▶ _WHAT TO WORK ON_
The listing below is to be duplicated exactly, with every picture omitted.

▶ _GIVEN DATA_
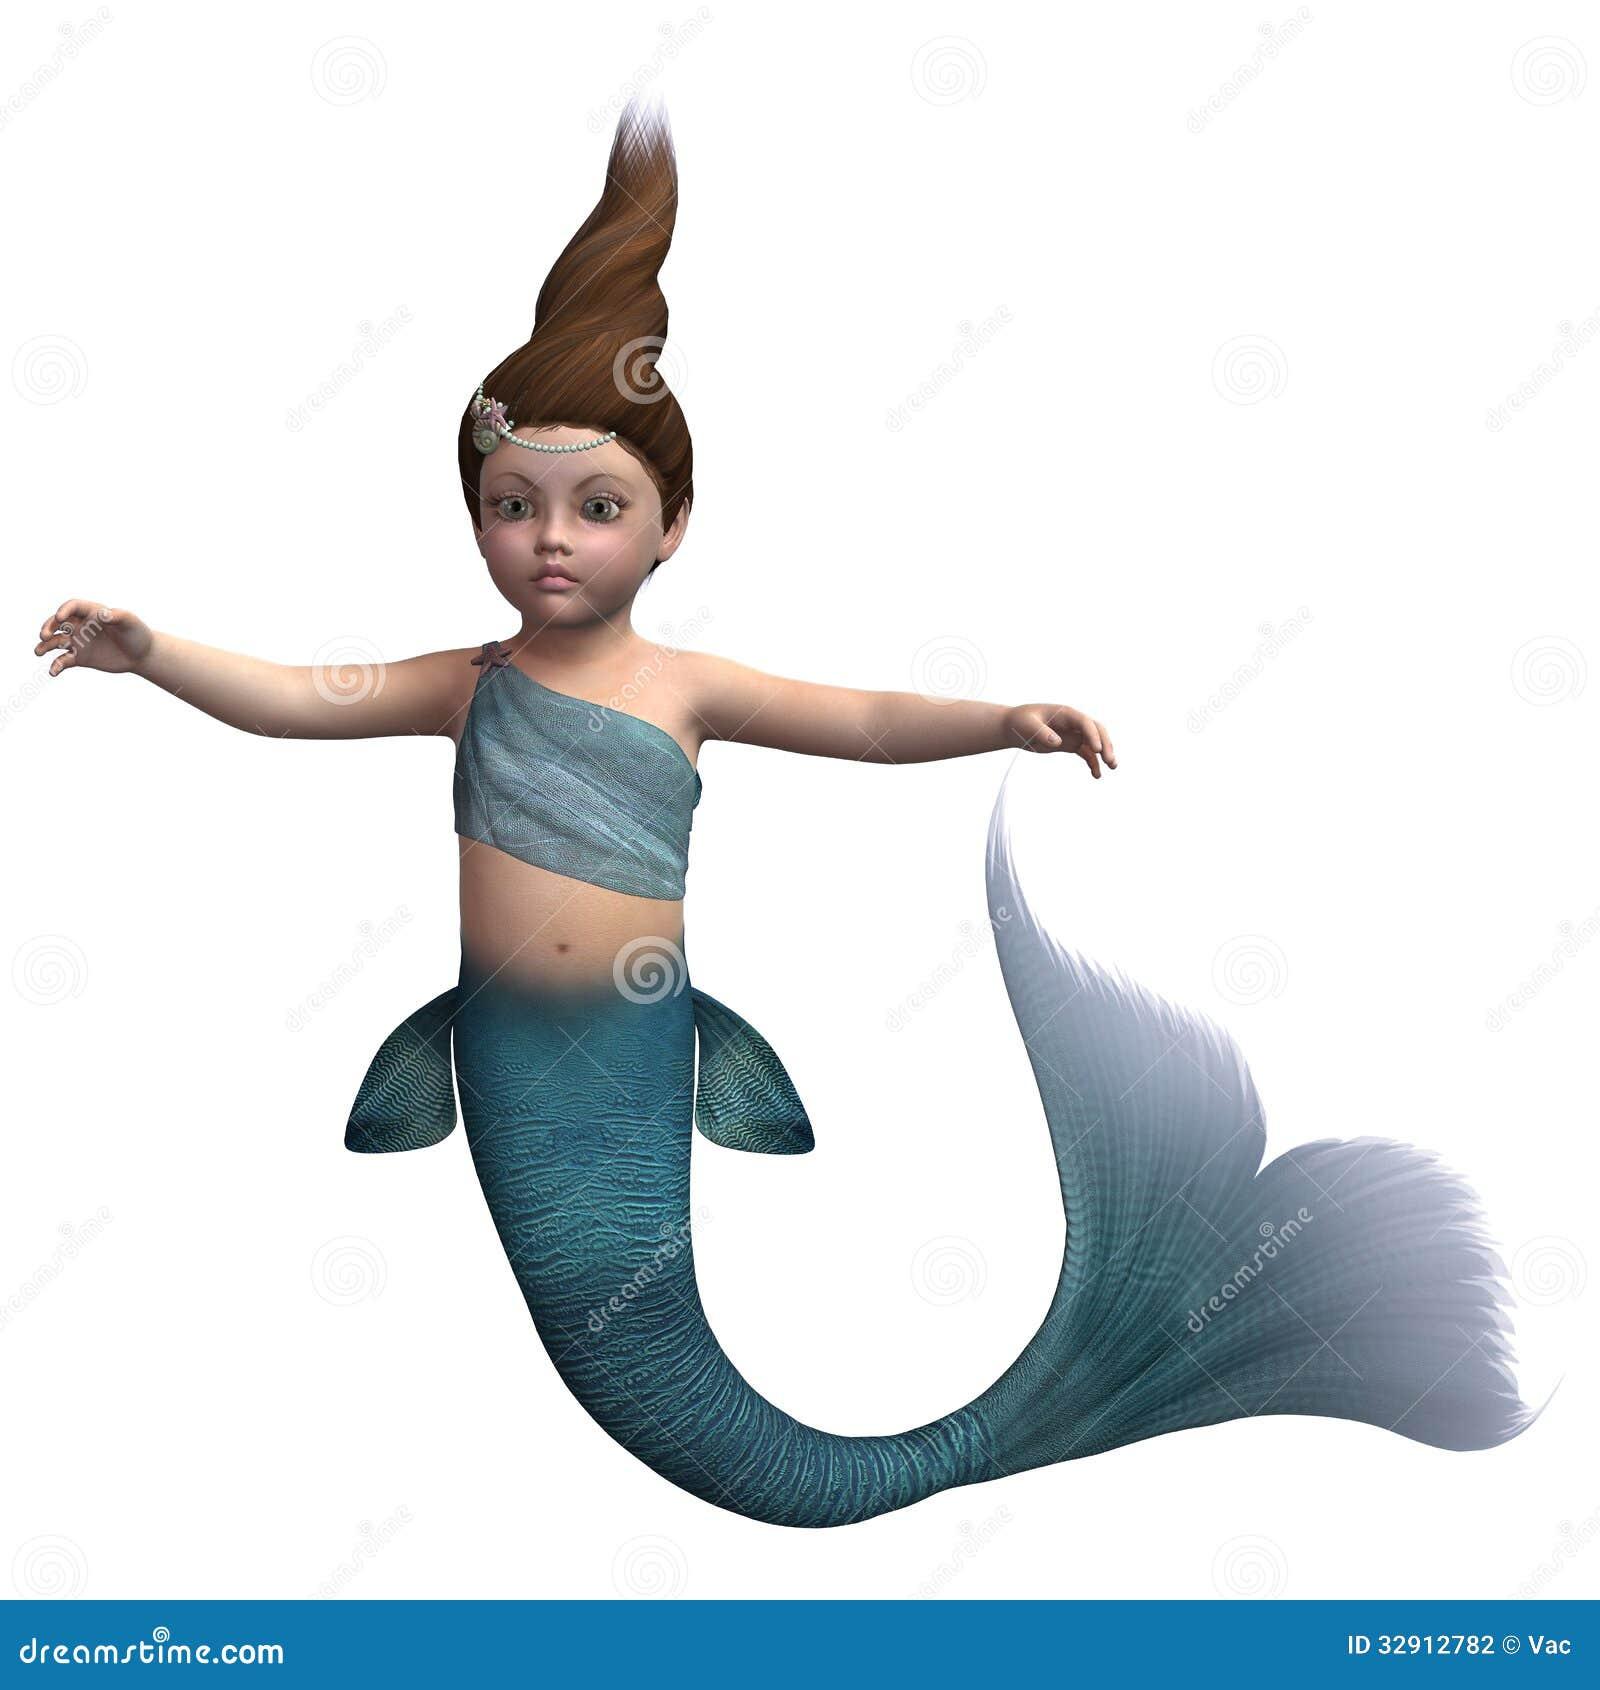 A little mermaid extended teaser - 2 10
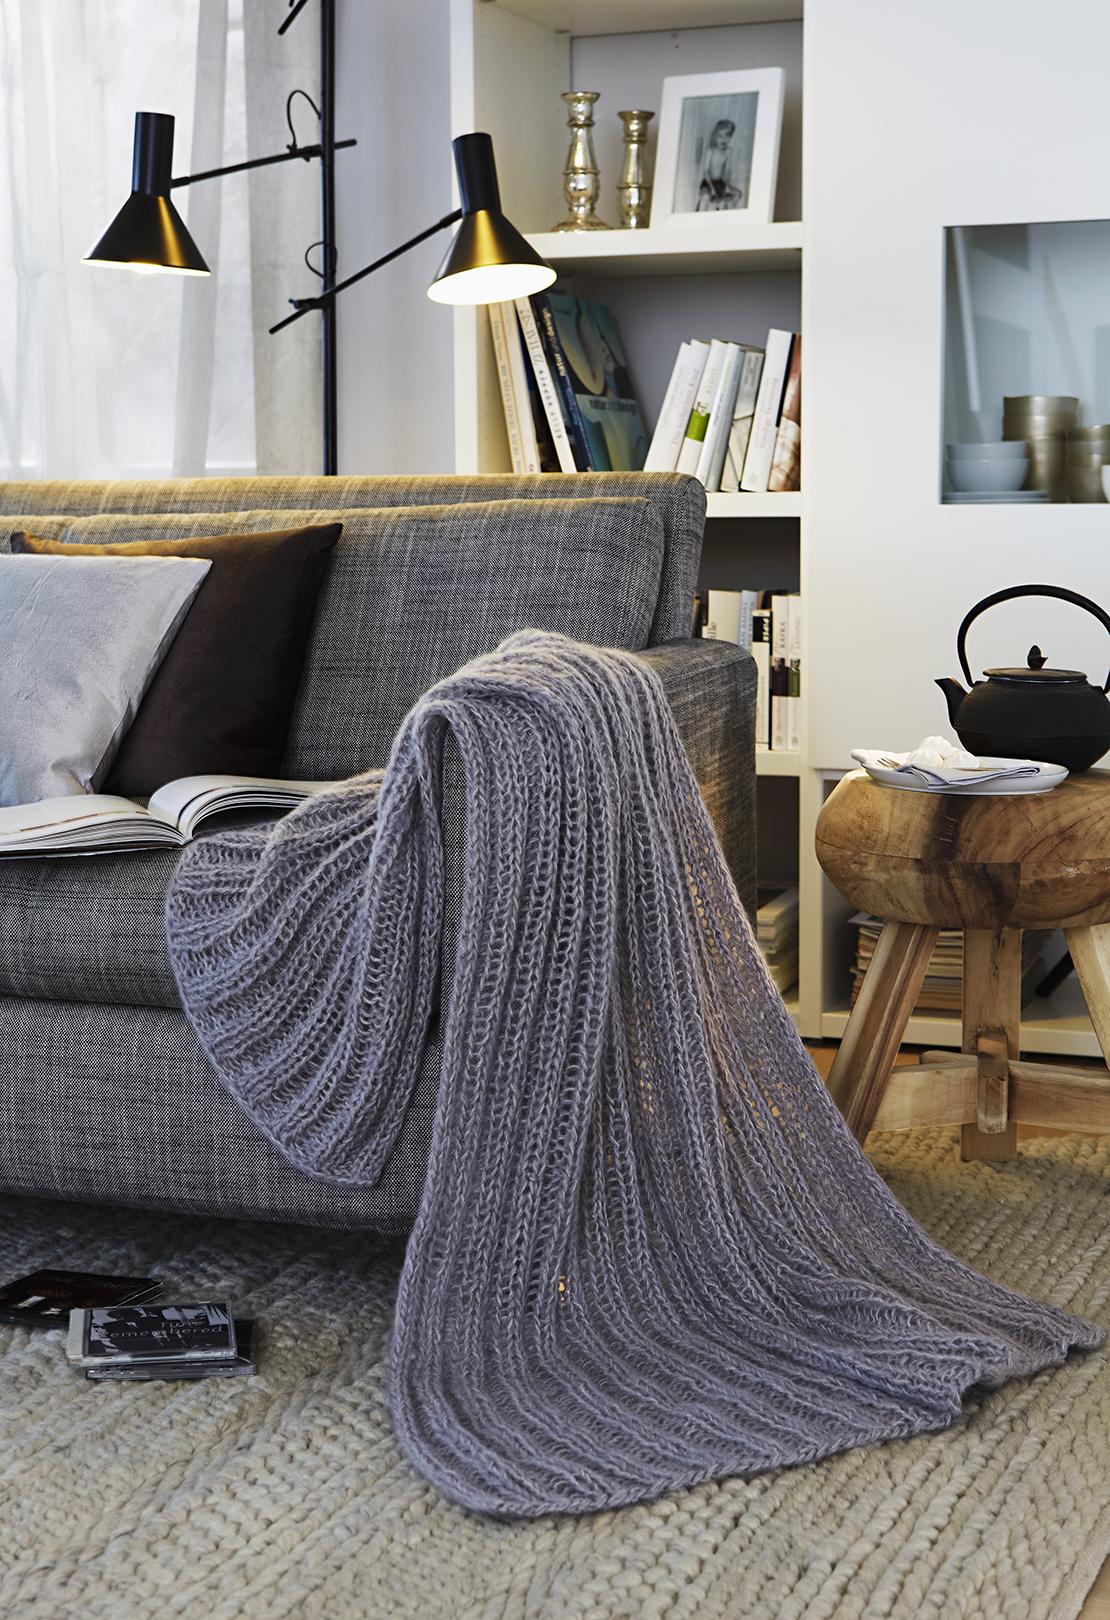 decoración con encanto- tonos grises
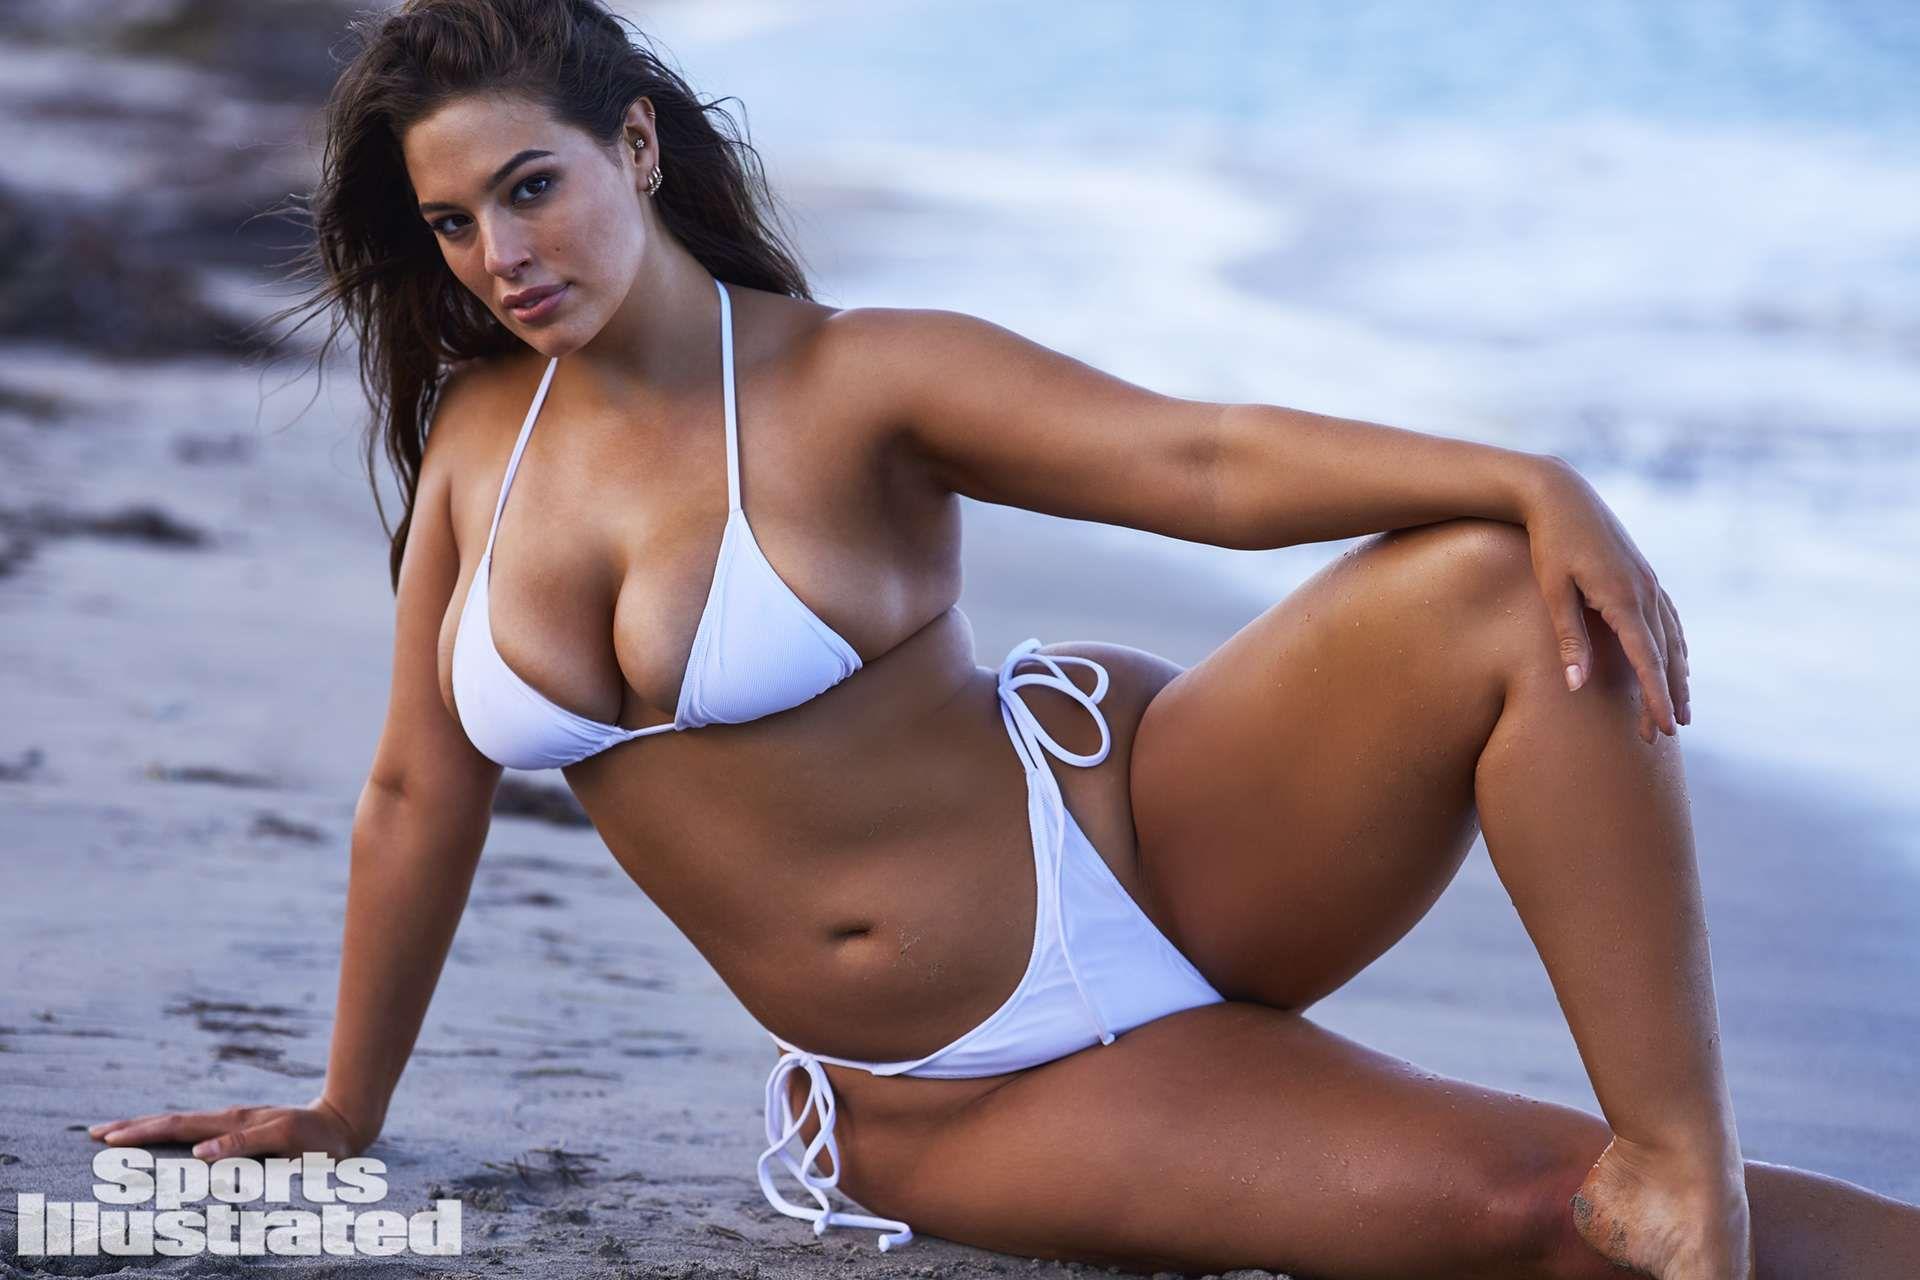 Allie Ayers Nude bikini celebrity (celebritybibkinifashion) on pinterest

▶ _RESULT OF THIS TASK_
 A little mermaid extended teaser - 2 10
 decoración con encanto- tonos grises
 Allie Ayers Nude bikini celebrity (celebritybibkinifashion) on pinterest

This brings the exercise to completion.